In order to support these use cases, TensorFlow has MirroredStrategy, TPUStrategy, MultiWorkerMirroredStrategy, ParameterServerStrategy, CentralStorageStrategy, as well as other strategies available. The next section explains which of these are supported in which scenarios in TensorFlow. Here is a quick overview:

Training API MirroredStrategy TPUStrategy MultiWorkerMirroredStrategy CentralStorageStrategy ParameterServerStrategy
Keras Model.fit Supported Supported Supported Experimental support Experimental support
Custom training loop Supported Supported Supported Experimental support Experimental support
Estimator API Limited Support Not supported Limited Support Limited Support Limited Support

MirroredStrategy

tf.distribute.MirroredStrategy supports synchronous distributed training on multiple GPUs on one machine. It creates one replica per GPU device. Each variable in the model is mirrored across all the replicas. Together, these variables form a single conceptual variable called MirroredVariable. These variables are kept in sync with each other by applying identical updates.

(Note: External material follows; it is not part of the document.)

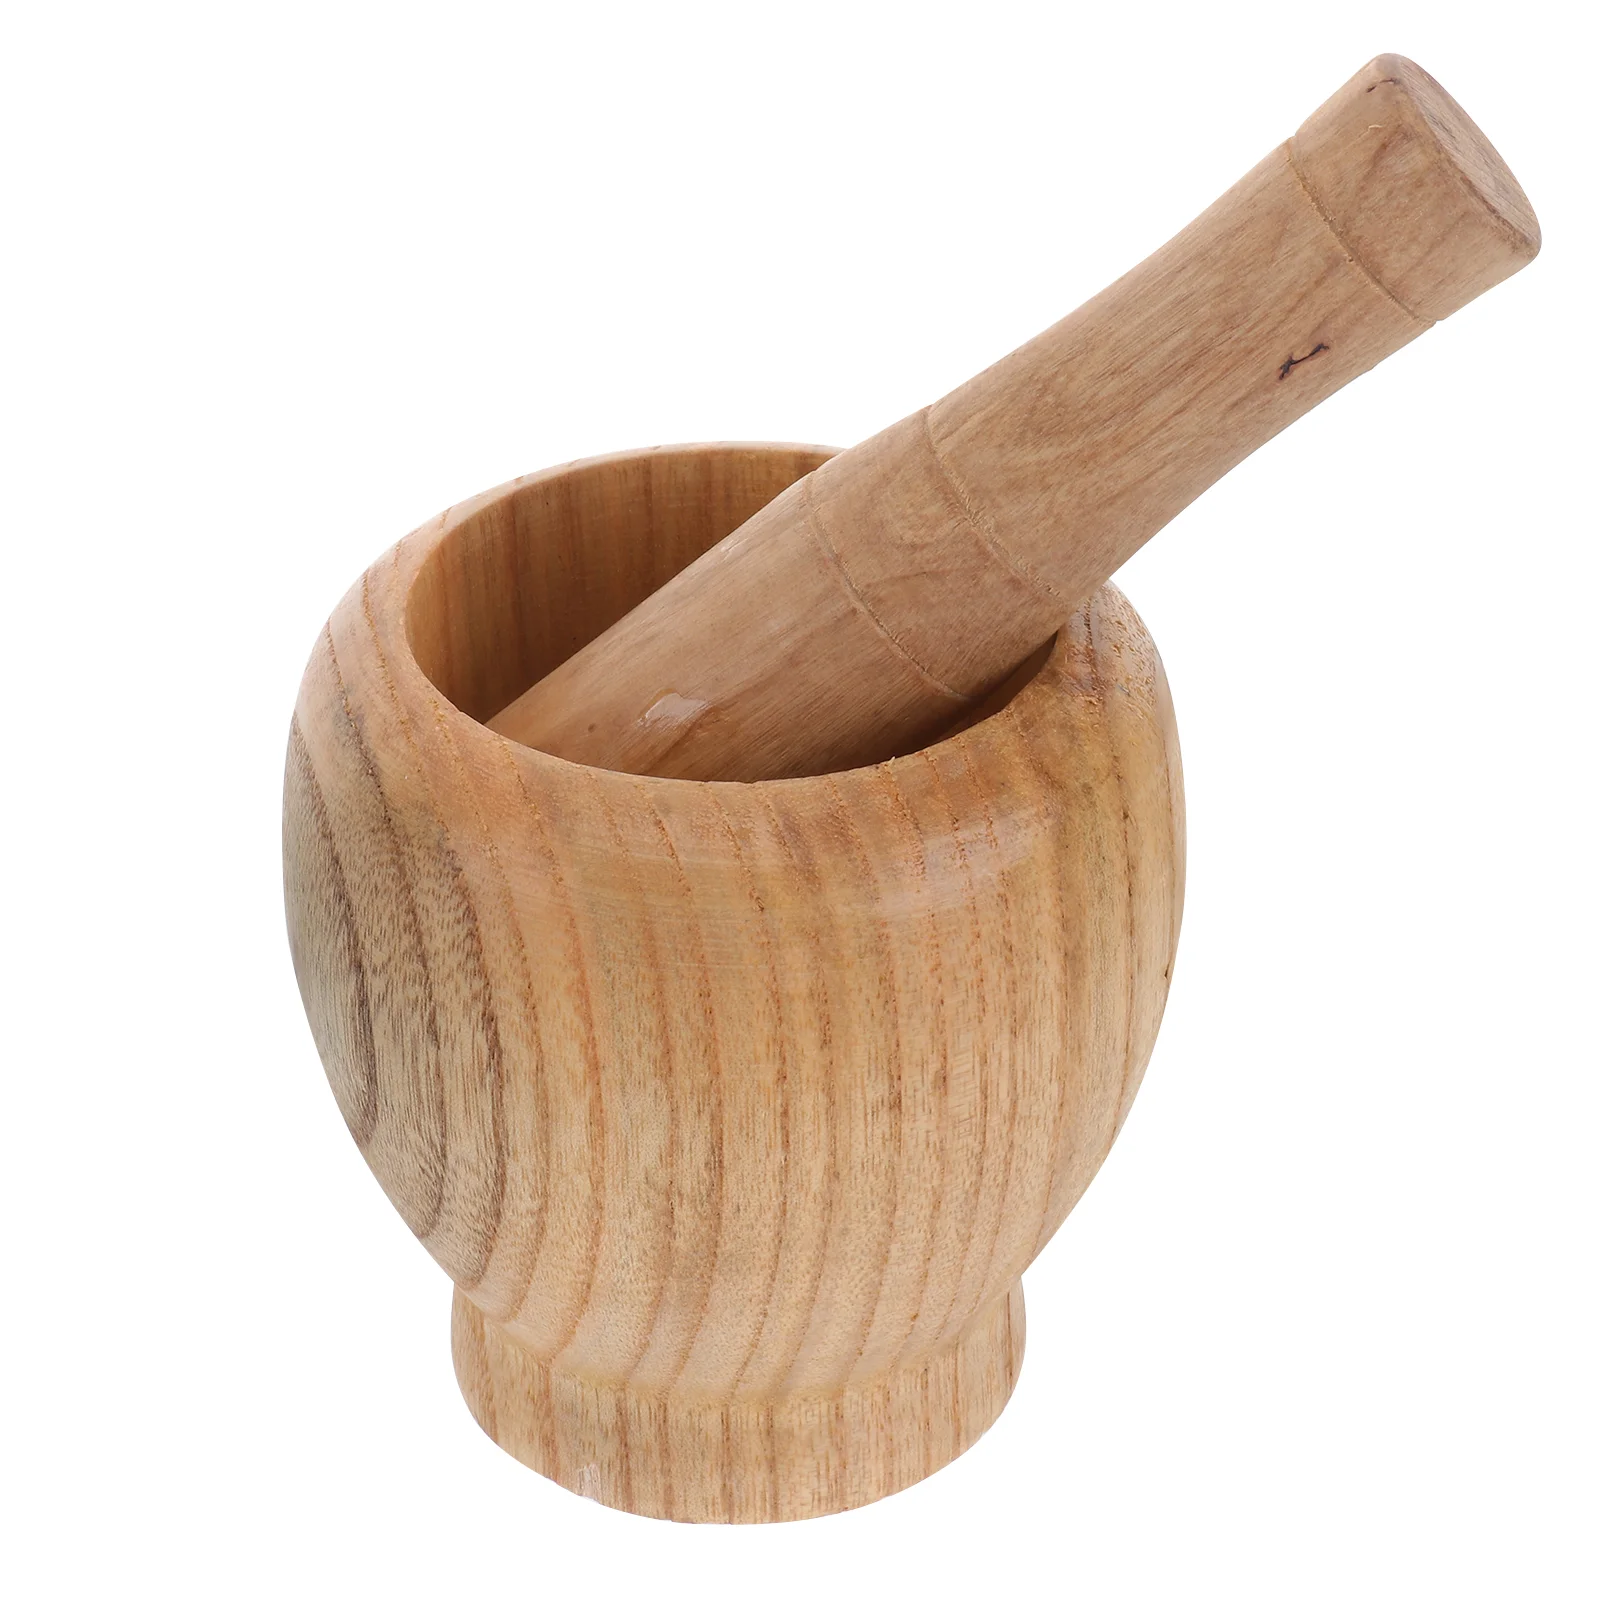 

Manual Grinder Wooden Mortar Pestle Garlic Crusher Smasher Pugging Pot Kitchen Gagets Grinding Bowl Pounder

Efficient all-reduce algorithms are used to communicate the variable updates across the devices. All-reduce aggregates tensors across all the devices by adding them up, and makes them available on each device. It’s a fused algorithm that is very efficient and can reduce the overhead of synchronization significantly. There are many all-reduce algorithms and implementations available, depending on the type of communication available between devices. By default, it uses the NVIDIA Collective Communication Library (NCCL) as the all-reduce implementation. You can choose from a few other options or write your own.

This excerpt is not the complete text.